The power of cartoons! After devoting an hour to updating my post on the Barry Blitt cover, I go over to Memeorandum to see what else people are blogging about right now, and I see that everybody's talking about that New Yorker cover. I'm actually going to get around to reading that long, apparently well-researched article inside the magazine, the one about whatever it is Barack Obama did to rise to power inside that political mystery that is Chicago, but — as Art Spiegelman once said

Comics "go directly to the id.''


Kick us in the id and we cry out instantly. It will take us a while to do the background reading. Meanwhile, we bloggers will do the foreground writing.

Here's Michelle Malkin, reacting to Obama's reaction: "Grow a pair, Obama."

And Kevin Drum is all at first I thought it was kinda funny....
But at the risk of seeming humorless, that reaction didn't last too long. Maybe it's because this kind of satire just doesn't work, no matter how well it's done. But mostly it's because a few minutes thought convinced me it was gutless. If artist Barry Blitt had some real cojones...
What is this fascination with balls? Jesse Jackson wants to cut Obama's, which presumes their existence. Michelle Malkin thinks they don't exist. Kevin Drum thinks they don't exist on Blitt — they've been oblitterated — though they may somehow exist in fake — or un-Spanish — form. But if Blitt had had real cojones...
... he would have drawn the same cover but shown it as a gigantic word bubble coming out of John McCain's mouth — implying, you see, that this is how McCain wants the world to view Obama. But he didn't. Because that would have been unfair.
Uh... no... because it would have been absurdly cluttered, stupid looking, and hard to draw. Not to mention clunkily literal and no fun at all. Blitt lacks balls because he assumes we have brains?

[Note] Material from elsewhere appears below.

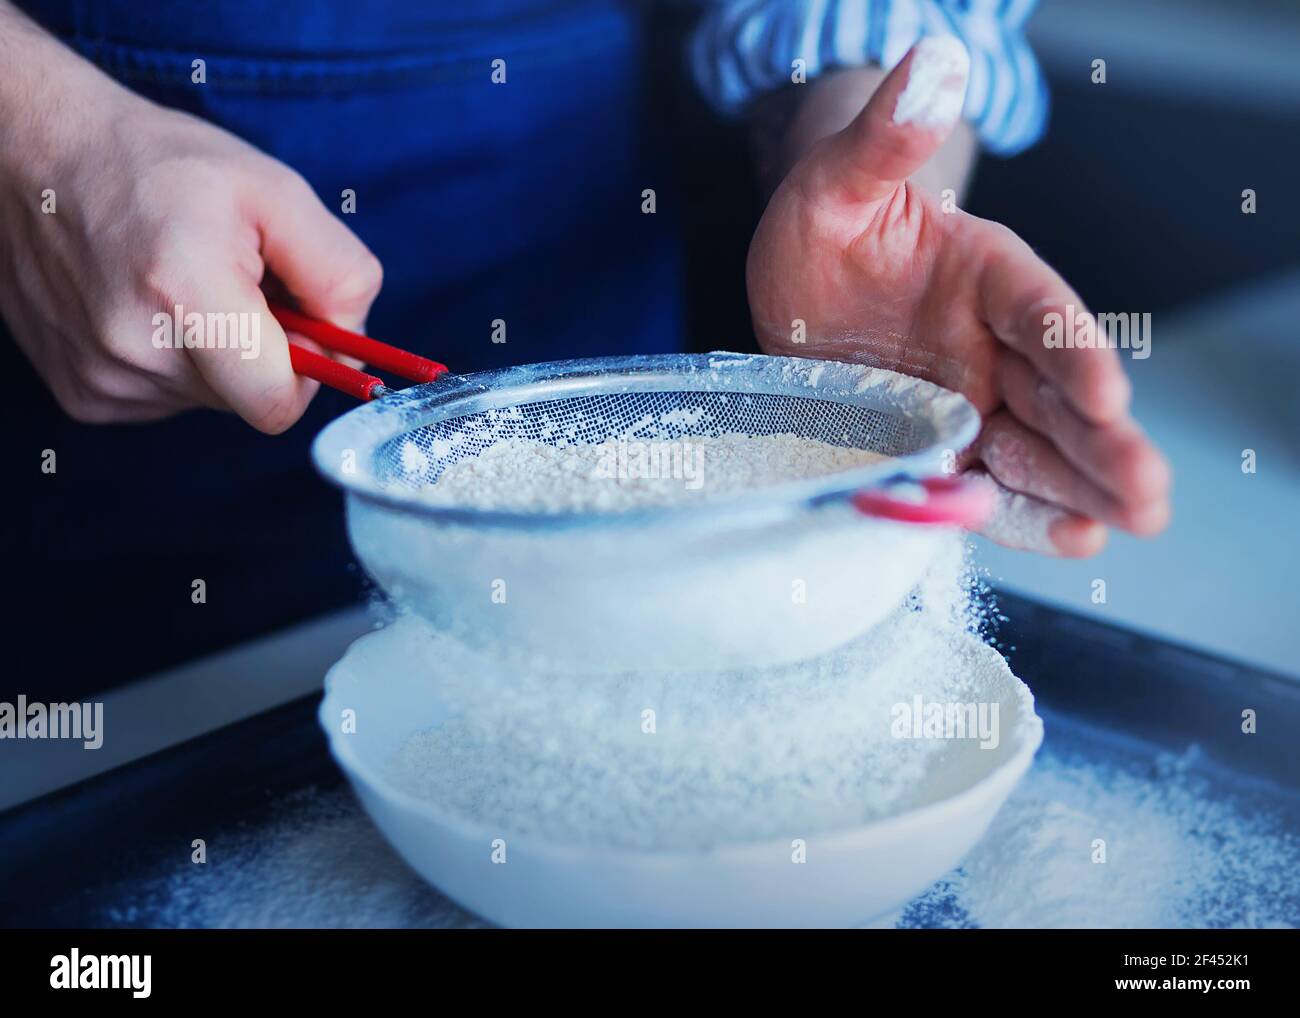 Ein Mann in einer blauen Schürze siebt Mehl durch ein Sieb in eine weiße Schüssel, in der er die Zutaten für den Teig mit dem Mehl mischen wird. Home Co Stockfoto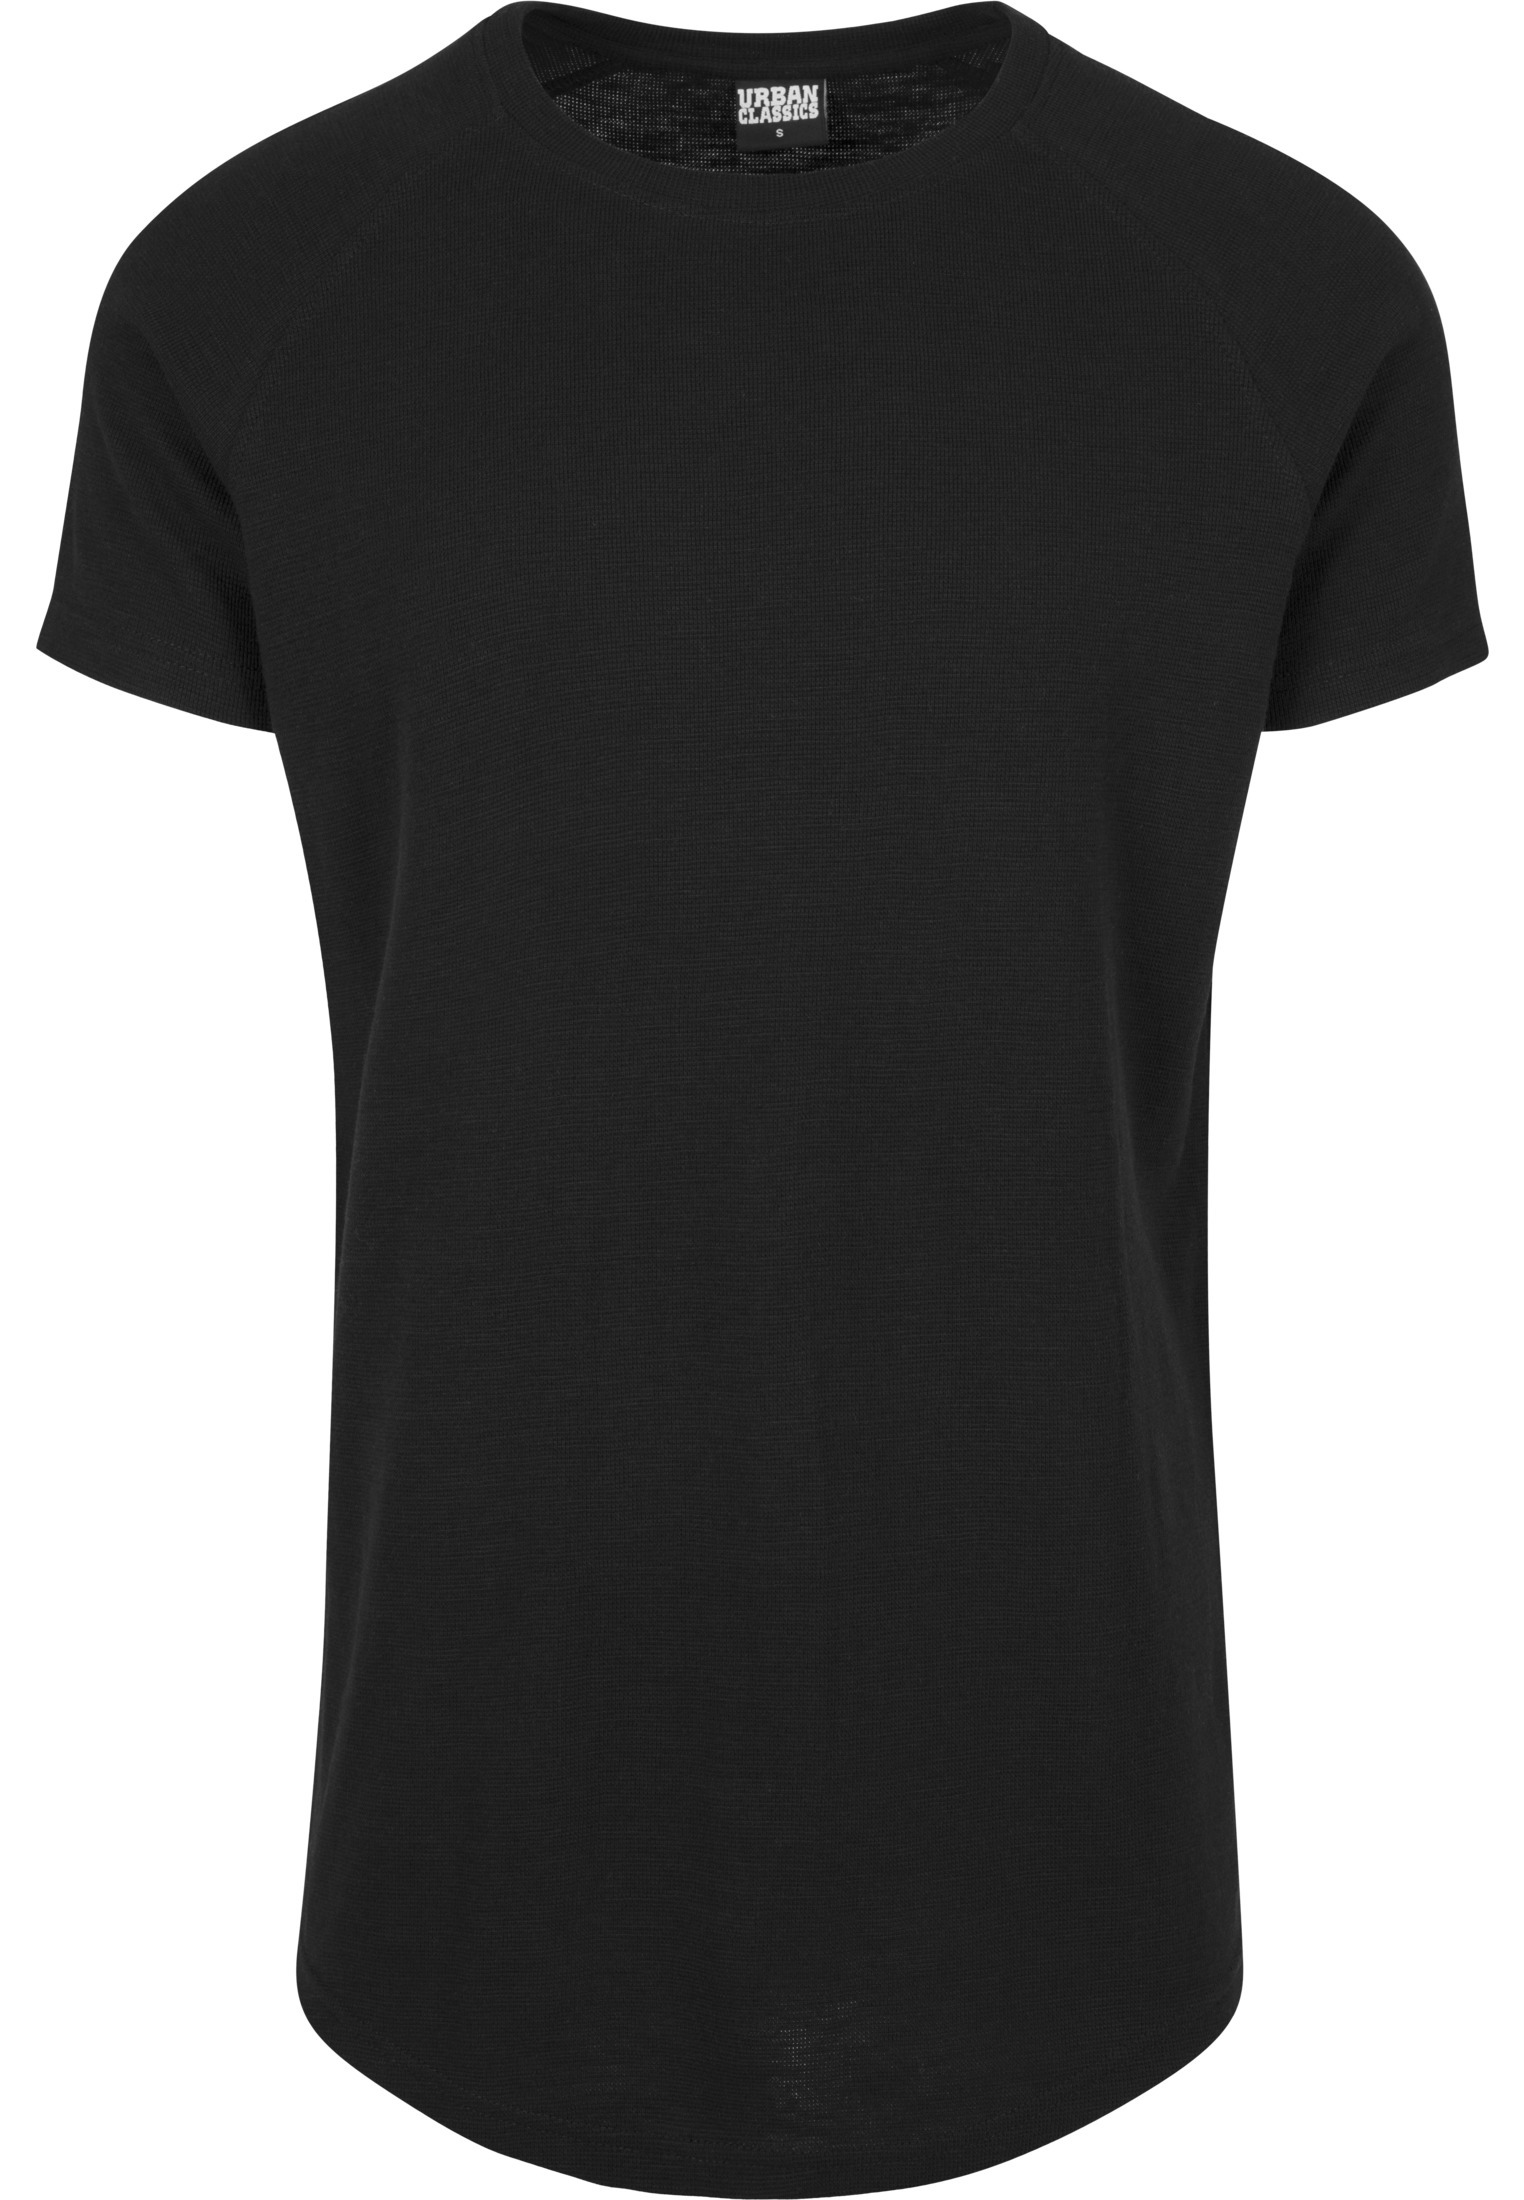 Odzież Koszulki Urban Classics Koszulka w kolorze Czarnym

Drum speculates about what would have happened if his dopey mouth-bubble idea had appeared as a New Yorker cover:
And McCain would have complained about it. And for some reason, the risk that a failed satire would unfairly defame McCain is somehow seen as worse than the risk that a failed satire would unfairly defame Obama.

So: gutless. And whatever else you can say about it, good satire is never gutless.
It's gutless because Obama and not McCain was the one to get mad? Why does Drum even think that makes sense? Surely, The New Yorker's readers overwhelmingly favor Obama. To offend McCain would be stroking their id.

All I can think is that Drum feels threatened by McCain's anger and unthreatened by Obama's anger. Is he still talking about balls?